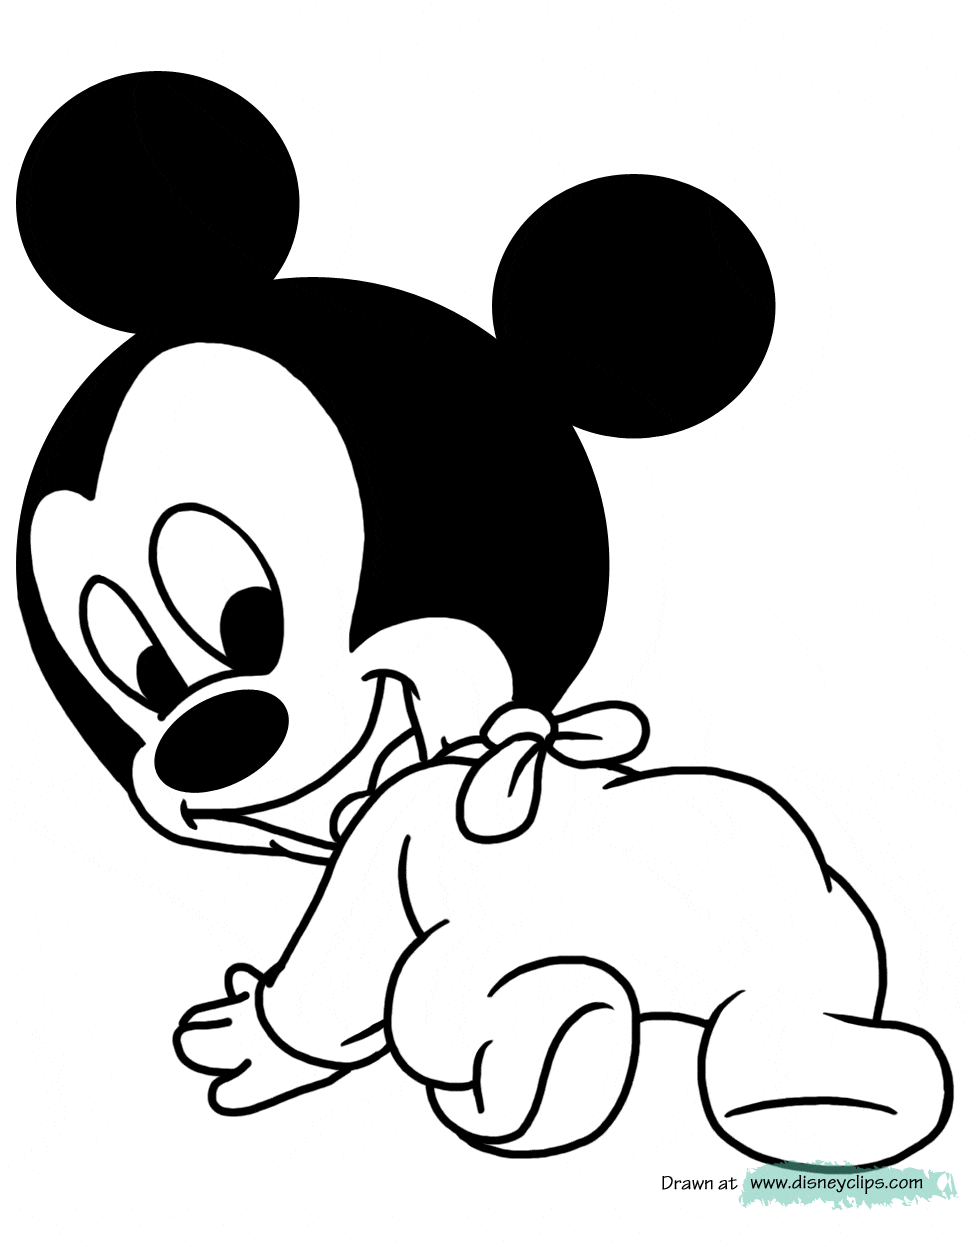 Disneybabies8 Gif 976 1 247 Pixels Baby Disney Characters Mickey Mouse Coloring Pages Baby Mickey Mouse
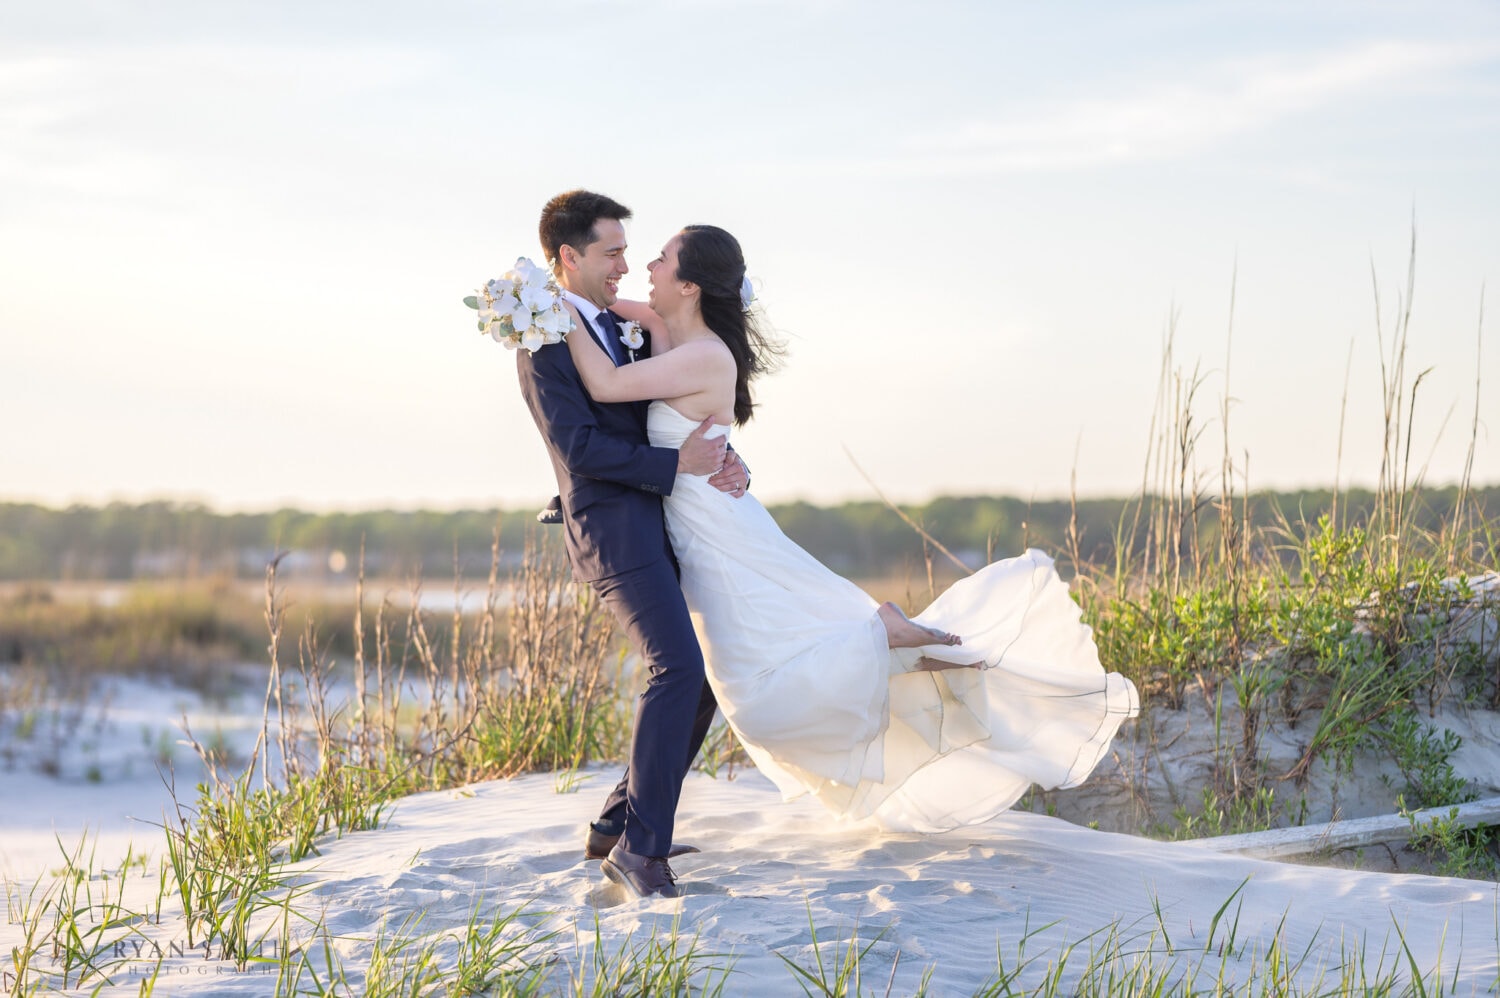 Lifting bride into the air on the dunes - Cherry Grove Point - North Myrtle Beach
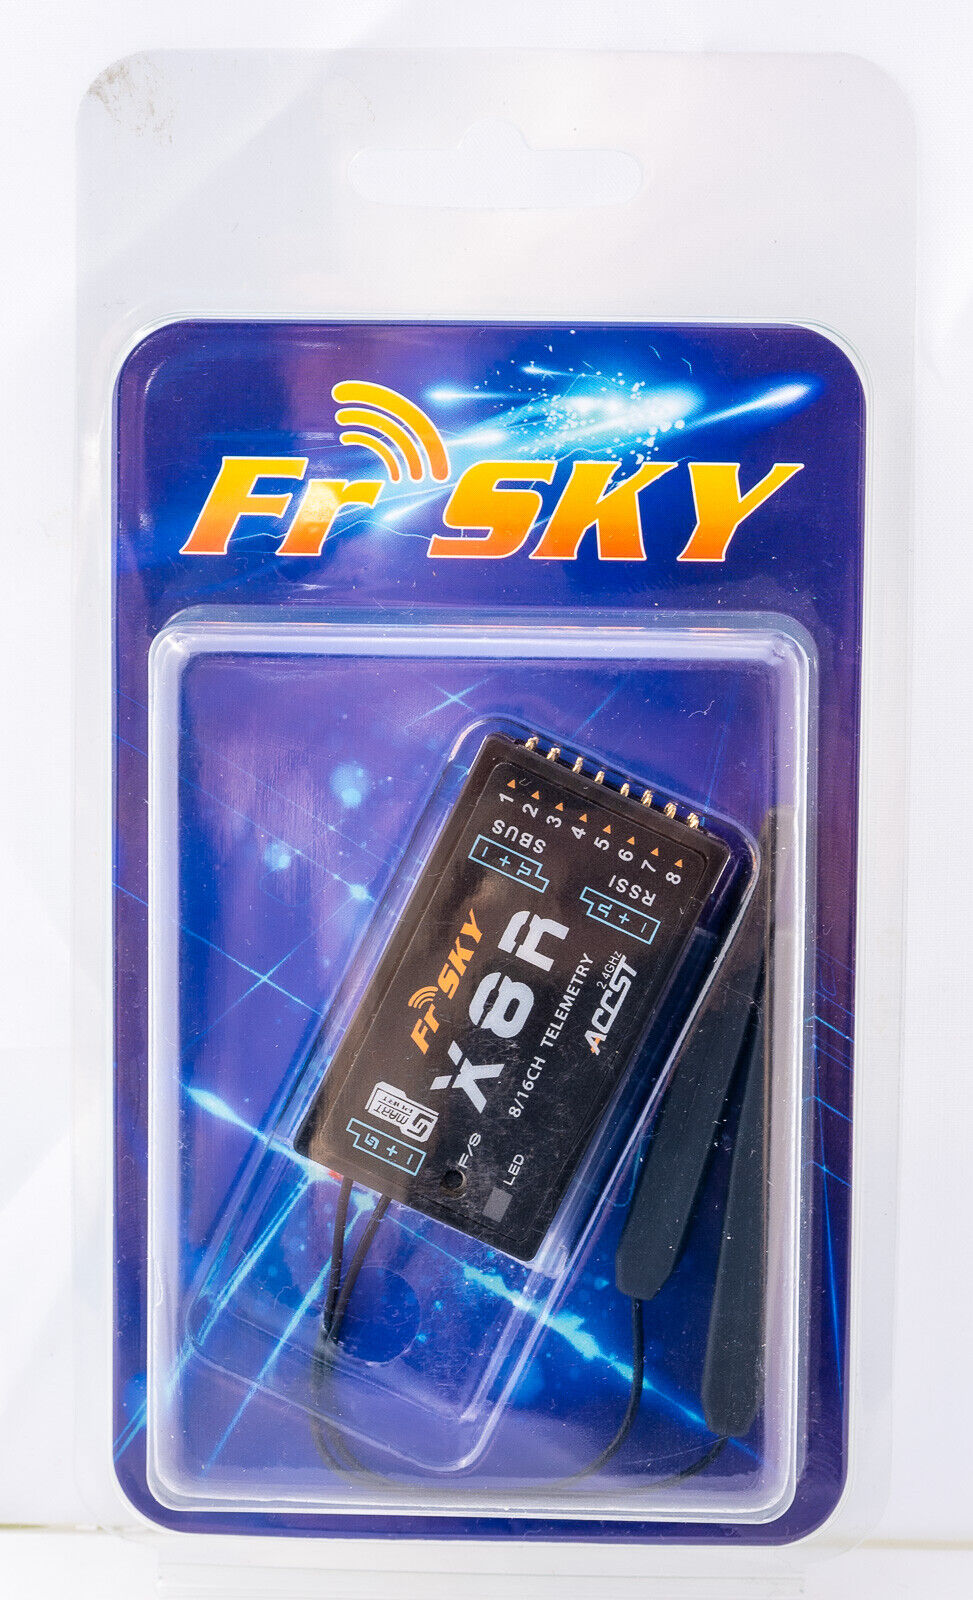 Frsky Taranis Receiver X8R 8 Channel 2.4Ghz 8/16 Channel with Telemetry
********
> **Goal of the exercise**: Every line of the material must be returned verbatim, and pictures must be left behind.

> **Exercise response**:
 Disneybabies8 Gif 976 1 247 Pixels Baby Disney Characters Mickey Mouse Coloring Pages Baby Mickey Mouse
 Lifting bride into the air on the dunes - Cherry Grove Point - North Myrtle Beach
 Frsky Taranis Receiver X8R 8 Channel 2.4Ghz 8/16 Channel with Telemetry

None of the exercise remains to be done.